# 3. Document Embedding

In the previous section, we represented variable length texts as fixed length numeric vectors; the approach we have used so far is the traditional approach of Bag of Words (BoW), which tokenizes a text into words (tokens), ignoring orders of tokens but may reserve the count. This approach is high dimension, and very sparse; this may result in over fitting and high time complexity.

A more modern text vectorization approach is word embedding (also called simply embedding), relying on neural representations. This approach takes distributional semantics into account; that is, a word’s meaning is given by the words that frequently appear close-by. Hence, we can construct a word’s context by using the set of words that appear nearby within a fixed-sized window. 

Semantically similar texts, then, would appear closer to each other in the vector space. We could also possibly capture semantic operations by operations in the vector space; for example, similarity between texts could be measured by vector dot product. We could also perform algebraic operations; for example, 

$\text{vector(”King”)} - \text{vector(”Man”)} + \text{vector(”Woman”)} \sim \text{vector(“Queen”)}$. 

Modern-day representations are typically learned from vast body of texts, often with deep neural networks, and they typically result in pre-trained models.

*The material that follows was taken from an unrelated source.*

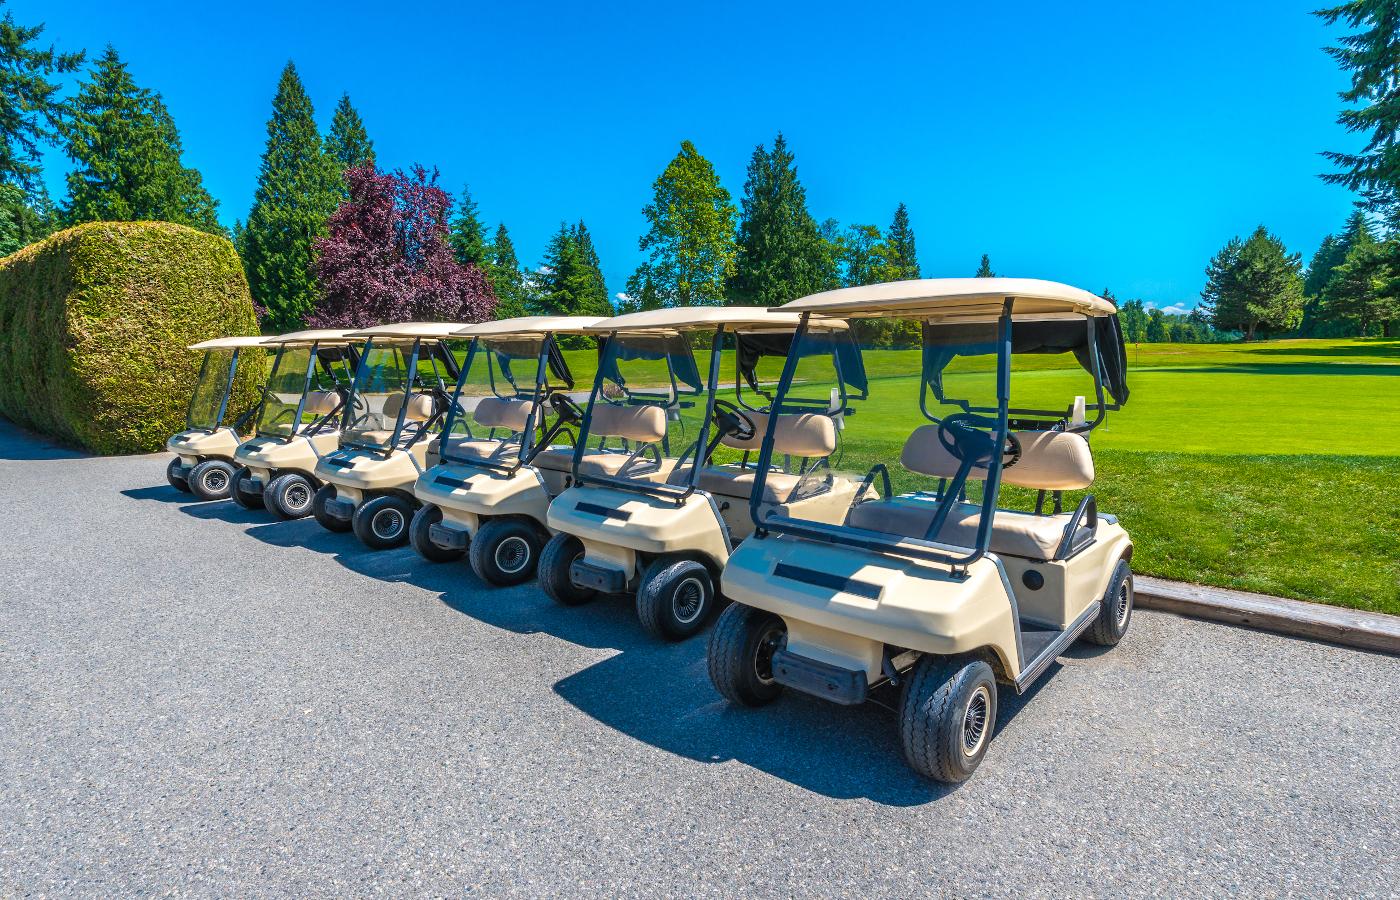 Golfreise im Westen Kanadas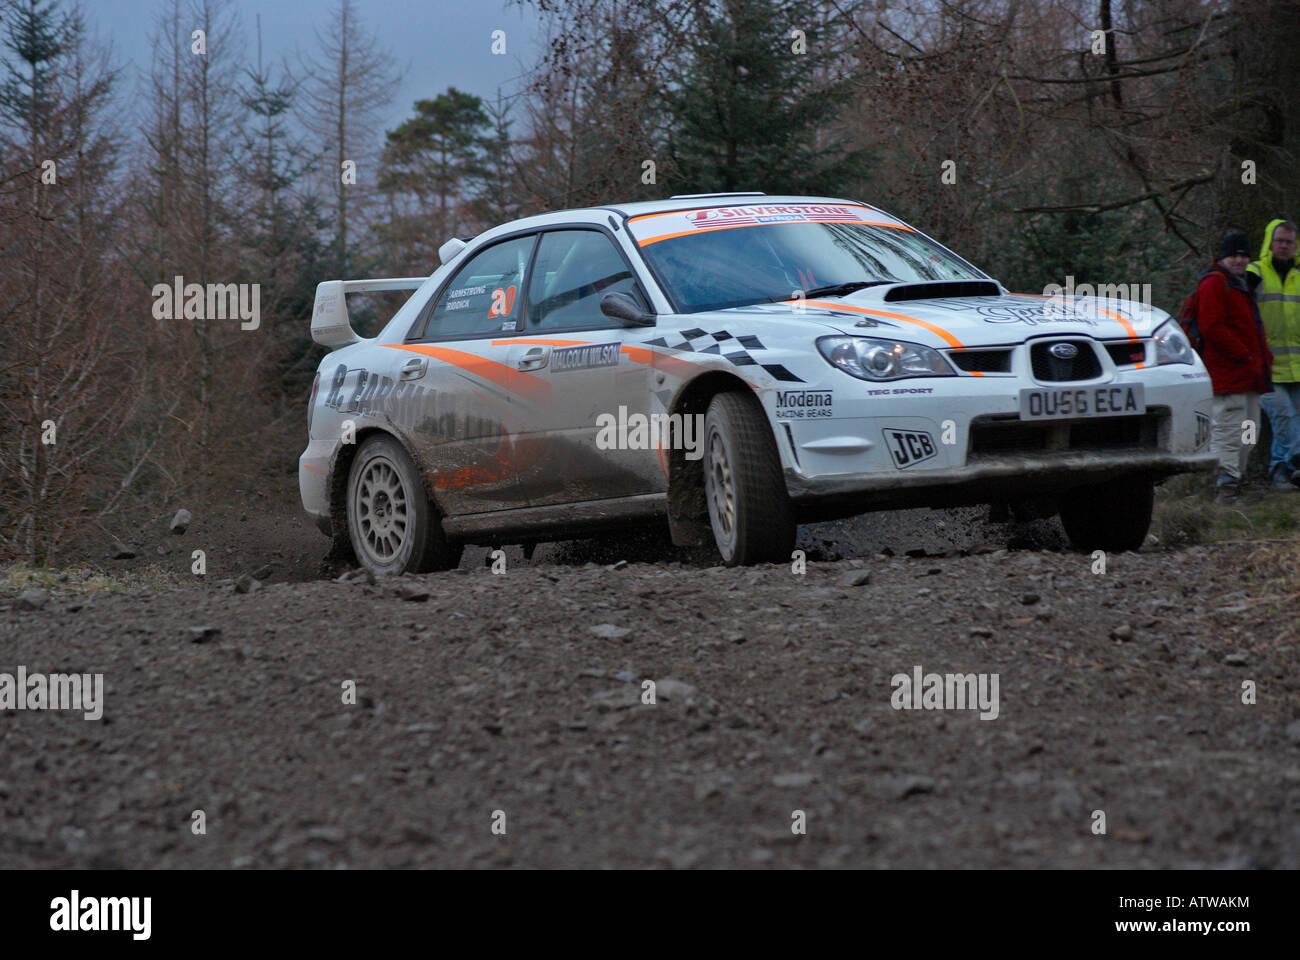 Voiture de rallye sur une forêt spécial étape d'un rallye sport automobile Photo Stock

## 3.1 Universal Sentence Encoder

The Universal Sentence Encoder (USE) was first published by Google around 2018. It maps a sentence, word, or short paragraph to a fixed length (typically 512) numeric vector. This approach would mean semantically similar sentences would be placed closer to each other in the embedding space. 

Embeddings are typically the result of using raw text, so no pre-processing would be involved. This sentence embedding can then be used for downstream applications,
e.g., classification, clustering, and language prediction. 

USE is a pre-trained model trained on variety of data, e.g., wikipedia and books. It was trained with a deep averaging network (DAN) encoder; more information and explanation on the process behind USE can be found at https://arxiv.org/pdf/1803.11175.pdf.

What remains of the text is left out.